In the seven years since the permits were offered, the state revoked 2,023 licenses because their holders committed certain crimes, such as felony driving while intoxicated. Others used their guns to commit crimes.

In April 2001, for example, Alberto Ruiz Fabila, 39, shot an off-duty Houston police officer with a .45-caliber pistol he was licensed to carry. The officer, working security at an east Houston nightclub, was trying to disarm Fabila when the gun fired and wounded the officer in the hand.

Fabila was convicted in February of aggravated assault on a public servant and sentenced to six years in state prison.

Such cases, although rare, call into question the merit of letting people carry guns, said Miller, the Galveston County sheriff's captain.

"The bad side is, if somebody gets shot with one of these guns, we have to investigate whether there was an alternative," he said. "Was this the best way, a legal way, for a person to defend himself?"

The gun debate plays out with race, class and politics as a backdrop.
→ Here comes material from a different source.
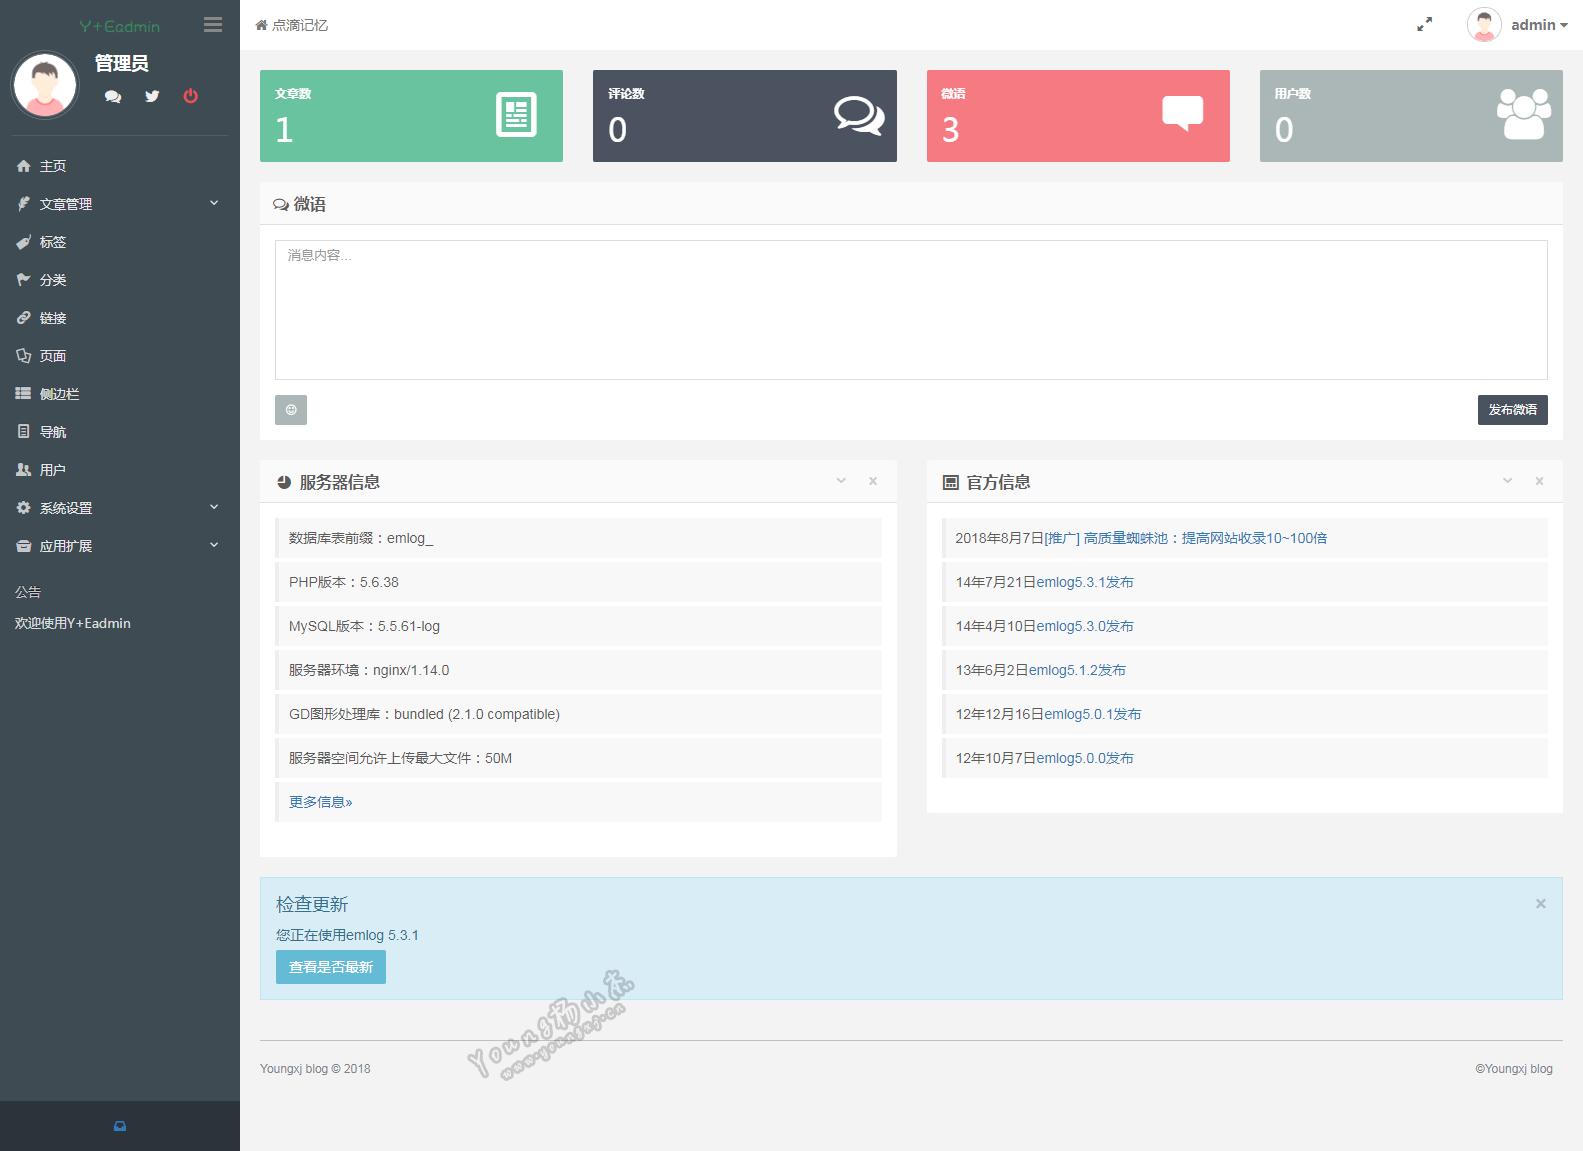 【emlog模板】Emlog后台模版Y+Eadmin支持5.3.1和6.0.0版本

Gun country tends to encompass the most predominantly Anglo areas of the state, according to the geographic distribution of handgun licenses. A number of pro-gun Web sites -- not including the NRA's -- also take on issues of race, homosexuality and immigration.

Gun shows and gun-rights literature often feature Confederate flags and -- to the dismay of some gun enthusiasts -- language tying the need for gun ownership to the movement of ethnic minorities into neighborhoods.
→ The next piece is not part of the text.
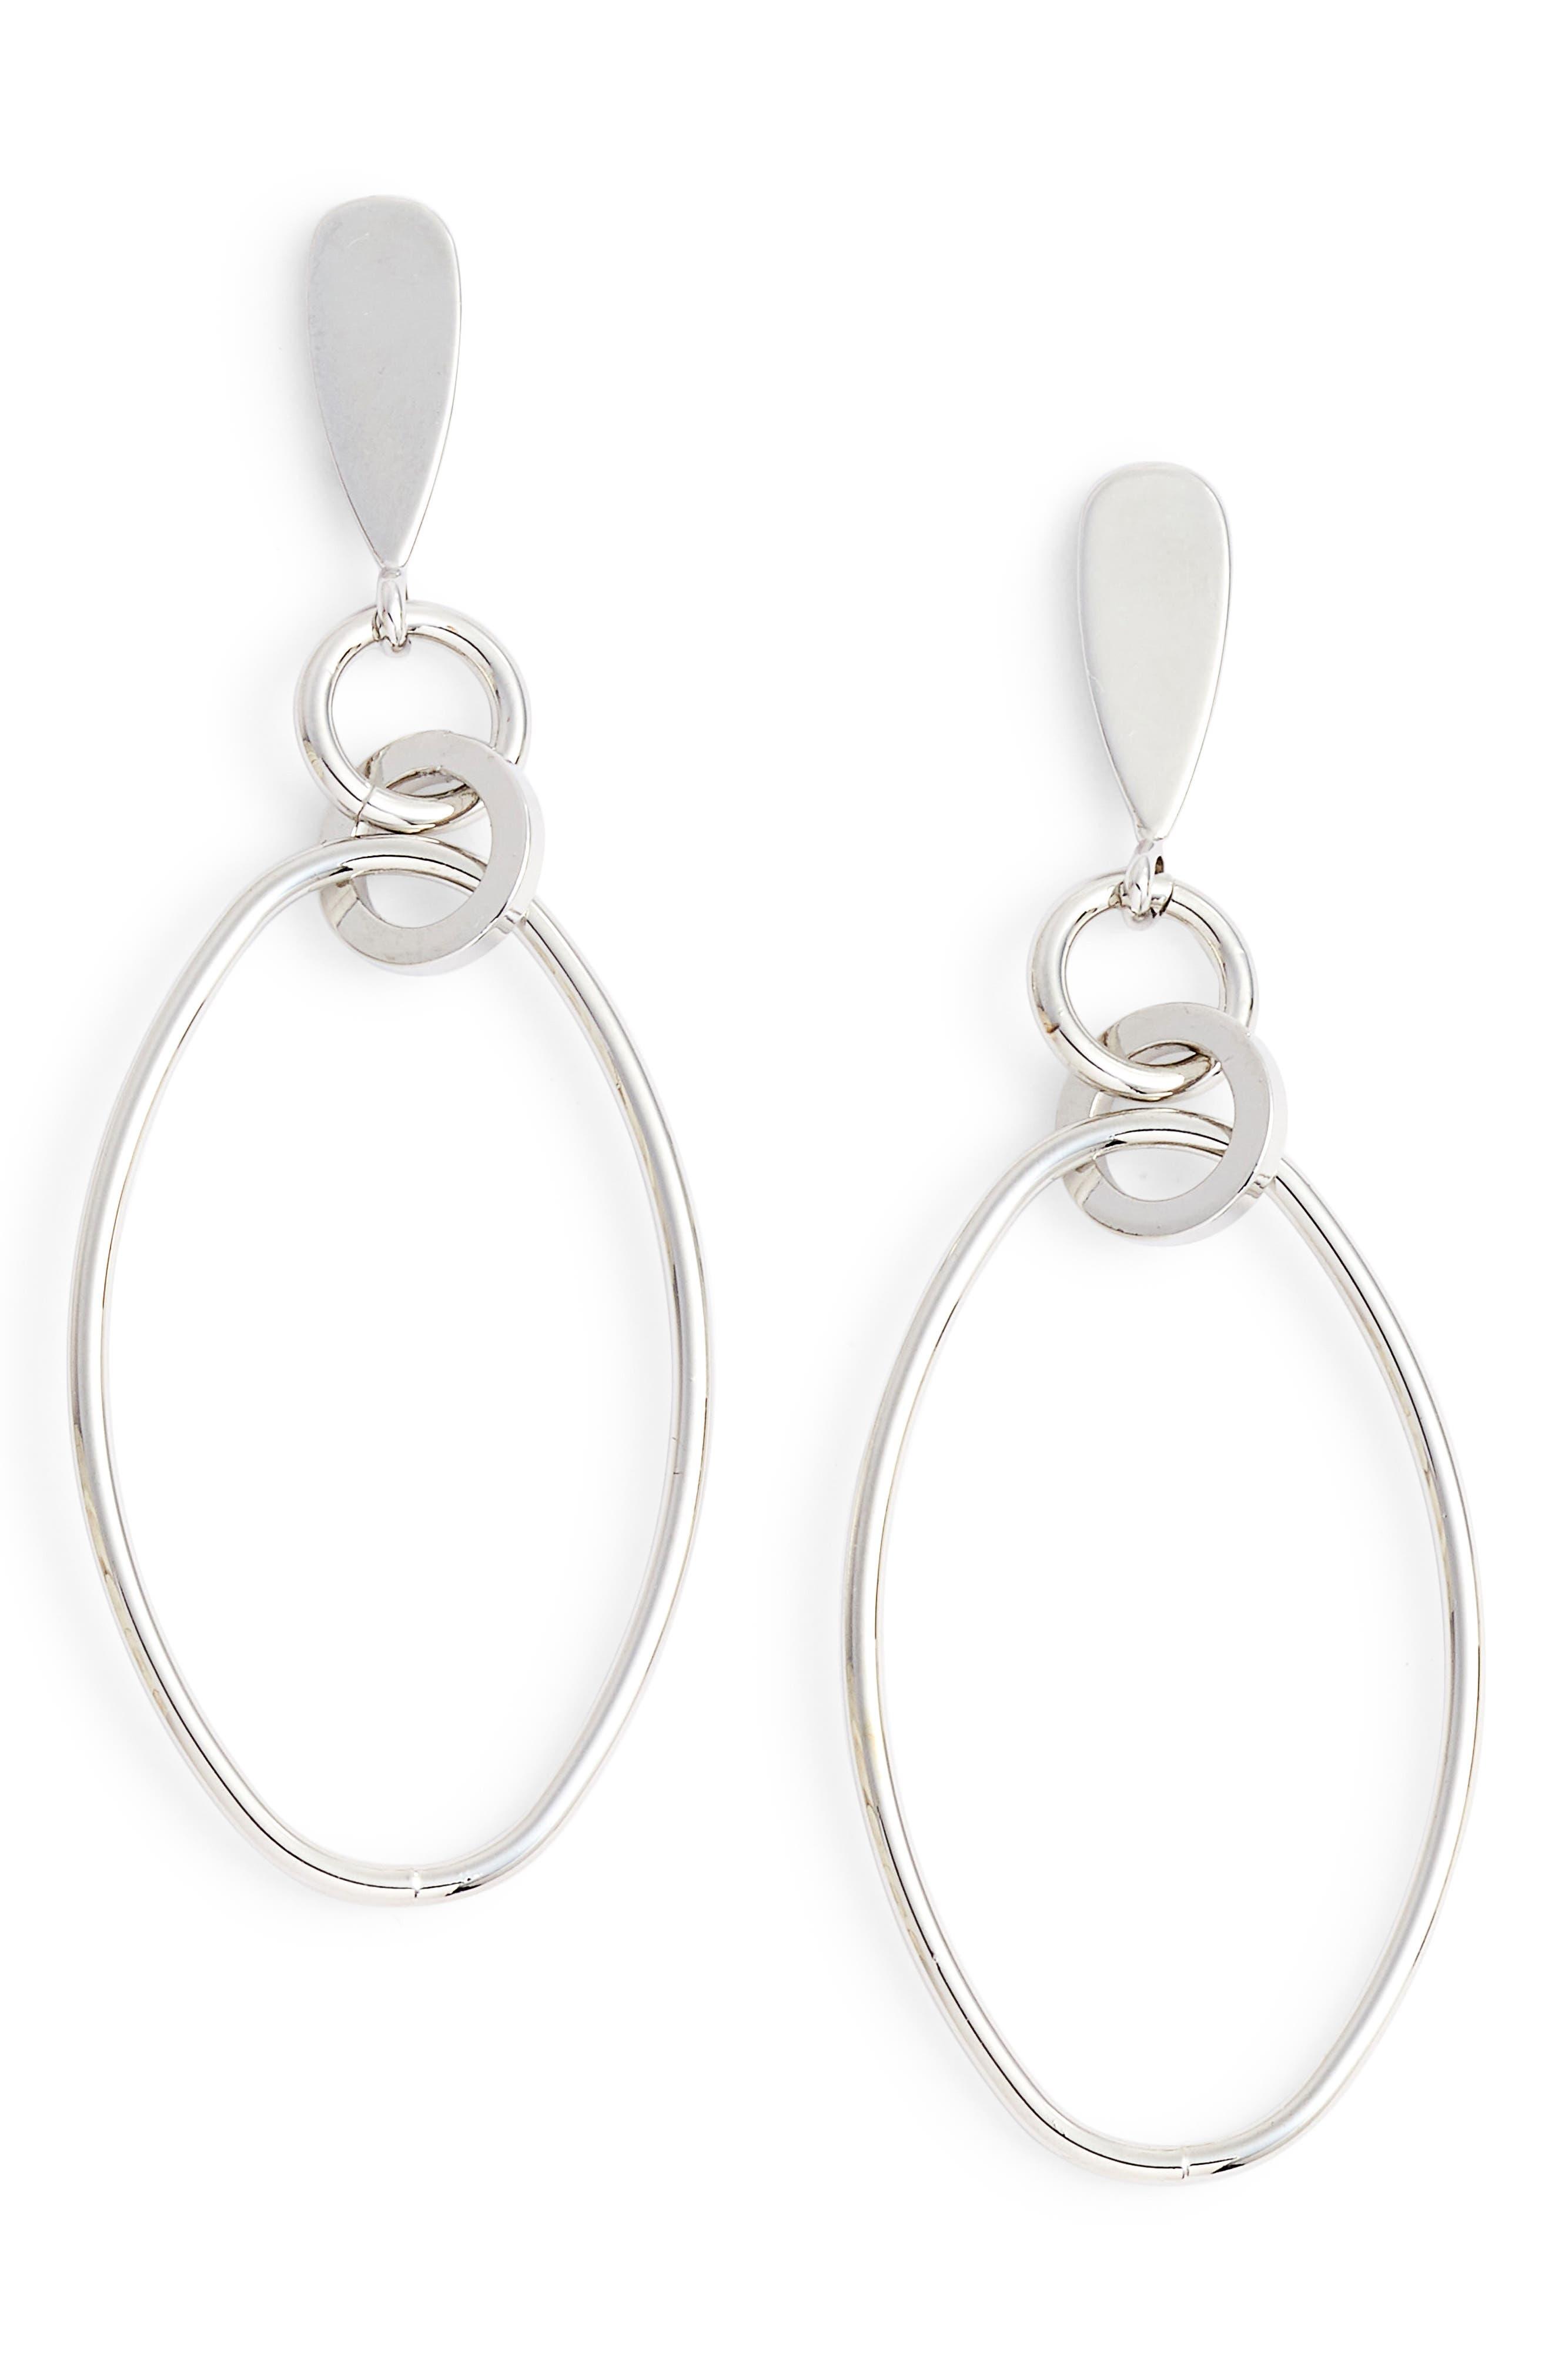 Oval Orbit Front Hoop Earrings,                             Main thumbnail 1, color,                             040

Smith, the anti-gun activist, said the pairing of guns and ultraconservative ideas on race and sex has its roots in "white flight" and demographic change in urban areas.

"Carrying a concealed handgun is primarily a white male thing," said Smith, an Anglo who served in the Army Air Corps during World War II. "A lot of white males feel threatened by modern society because they see minority groups getting equal treatment along with them. Being a white male doesn't mean you automatically have the position in society or respect that it used to. Carrying a gun does."

Local activist Quanell X said more blacks should learn how to use and store guns. Members of his New Black Panther Party have carried guns to public events, including the 2000 state Republican convention in Houston.

"If you go to a gun show with 3,000 people there in Houston, you can count on your fingers how many blacks are there -- and you wouldn't have to use two hands," he said. "This is all about fear of people of color and low-income people. So we should be part of the process."

Stephens, the NRA representative from Comal County, countered that gun ownership and political beliefs align "because conservatives believe in their own responsibility for self-defense." He said other activist groups should arm themselves if they believe they are likely targets for violence.

A group of gay residents in Houston's Montrose district (home to 122 license holders) agreed that people not usually associated with the gun rights movement might have more reason to carry concealed weapons than straight, suburban Anglos.

"A lot of gay groups are anti-weapons," said Dan Weiner, head of the Houston gun group Pink Pistols. "But that's one reason people think we're such easy victims. We're supposed to be good little boys and girls and just run away. For those of us tired of being victims, that is not at all true. We have to arm ourselves."

Staff writer Dan Feldstein contributed to this story.